The first call takes ~2s due to JIT compilation, but subsequent calls with the same type signature hit the cache and run in 40-50ms. For interactive exploration this is a huge win — you get near-real-time iteration on feature engineering.

LOB Simulator

With the pipeline working, I built a Limit Order Book simulator to generate synthetic orderbook dynamics. The idea was to test whether ML models could learn microstructure patterns from simulated data before deploying on real data.

Price Simulator Dashboard

The simulator supports multiple price process models:

  • Geometric Brownian Motion (baseline)
  • Jump Diffusion (Merton model)
  • Self-Exciting Jump Diffusion (Hawkes process intensity)
  • AR-MLP (autoregressive neural network)
  • Quant-GAN (generative adversarial network)

Each model generates price paths, and the LOB simulator wraps these with realistic order flow dynamics — queue sizes, arrival rates, and cancellation patterns calibrated from the real Binance data.

ML Experiments

Here’s where things got interesting (and humbling).

AR-MLP: Autoregressive MLP

The AR-MLP takes a window of past mid-price returns and orderbook imbalance features, and predicts the next 0.5s return. Architecture is straightforward: 3 hidden layers (256, 128, 64), batch norm, dropout 0.3, trained on 2 months of data.

AR-MLP Simulation

The problem is immediately visible: systematic drift. The model learns a slight directional bias from the training set and compounds it over time. Even with careful normalization and detrending, the generated paths diverge from realistic price behavior after about 5 minutes of simulation.

I tried several fixes:

  • Mean-centering predictions (helps but introduces weird mean-reversion artifacts)
  • Predicting log returns instead of price levels (same drift, just in log space)
  • Adding an explicit mean-reversion penalty to the loss (improves it but kills realistic momentum)

None fully solved it. The model captures short-term autocorrelation well but fails at longer horizons.

Quant-GAN

The Quant-GAN approach (based on the Wiese et al. paper) uses temporal convolutional networks as both generator and discriminator, operating on sequences of log returns.

Quant-GAN Simulation

This produced more visually interesting results. The distribution of log returns from the GAN actually matches the empirical distribution reasonably well — you can see the heavy tails are captured. But in practice:

  • Training was unstable (classic GAN problems, even with spectral normalization and gradient penalty)
  • Generated paths lacked the temporal structure of real prices — autocorrelation of absolute returns was wrong
  • Most importantly, for downstream tasks (strategy backtesting), it didn’t outperform calibrated jump-diffusion

Why Traditional Models Won

After weeks of ML experiments, I ended up using a self-exciting jump diffusion model for the LOB simulator. The reasons:

  1. Calibration is fast and stable — fit parameters via MLE on historical data in seconds
  2. Interpretable — you can directly see how jump intensity decays, what the baseline volatility is
  3. Hawkes-driven clustering — captures the volatility clustering and trade arrival patterns that matter for microstructure
  4. No drift problem — martingale property is built in by construction

The ML models are interesting academically, and I think with more data and better architectures (transformers, perhaps) they could eventually win. But for a practical LOB simulator where you need reliable synthetic data for strategy testing, a well-calibrated stochastic model is hard to beat.

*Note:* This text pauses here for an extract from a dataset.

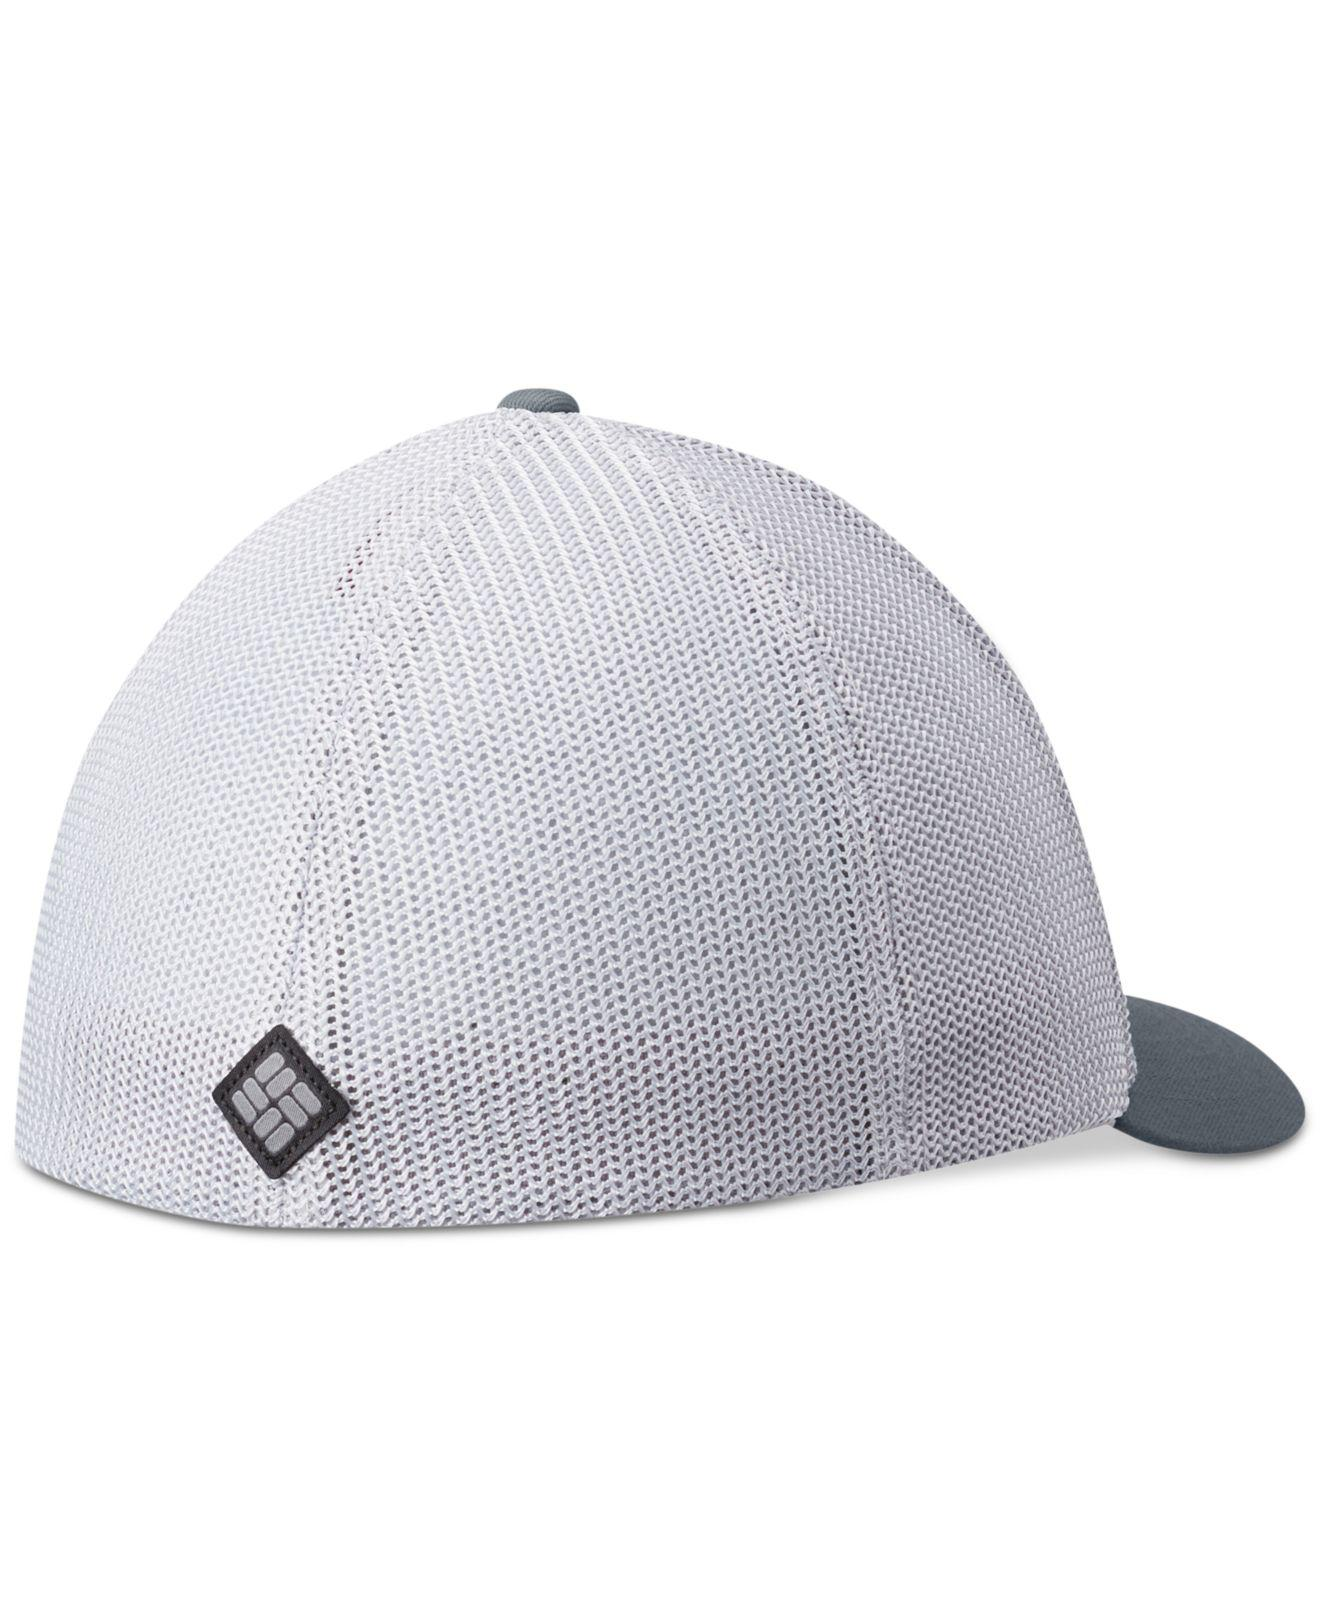 56131746103 Lyst - Columbia Tree Flag Mesh Flexfit Cap in Gray for Men

Pipeline Architecture Summary

The full pipeline looks like:

Binance WebSocket --> Raw CSVs (sorted by timestamp)
                         |
                    Binary Search Index (sparse, in-memory)
                         |
                    Time-Slice Loader (seek + read)
                         |
                    Numba Aggregator (0.5s intervals)
                         |
               +--------------------+
               |                    |
         Feature Store         LOB Simulator
               |                    |
         ML Models            Strategy Backtester

Total latency from “give me features for this time range” to having aggregated data ready: ~1.5 seconds for a typical 30-minute window. This includes loading from disk, so if you’re iterating on features interactively, it feels snappy enough.

Lessons Learned

Binary search on sorted files is underrated. Everyone reaches for databases or Parquet partitioning, but if your data is already sorted and you need arbitrary range queries, a simple sparse index + seek gets you 90% of the way there with zero dependencies.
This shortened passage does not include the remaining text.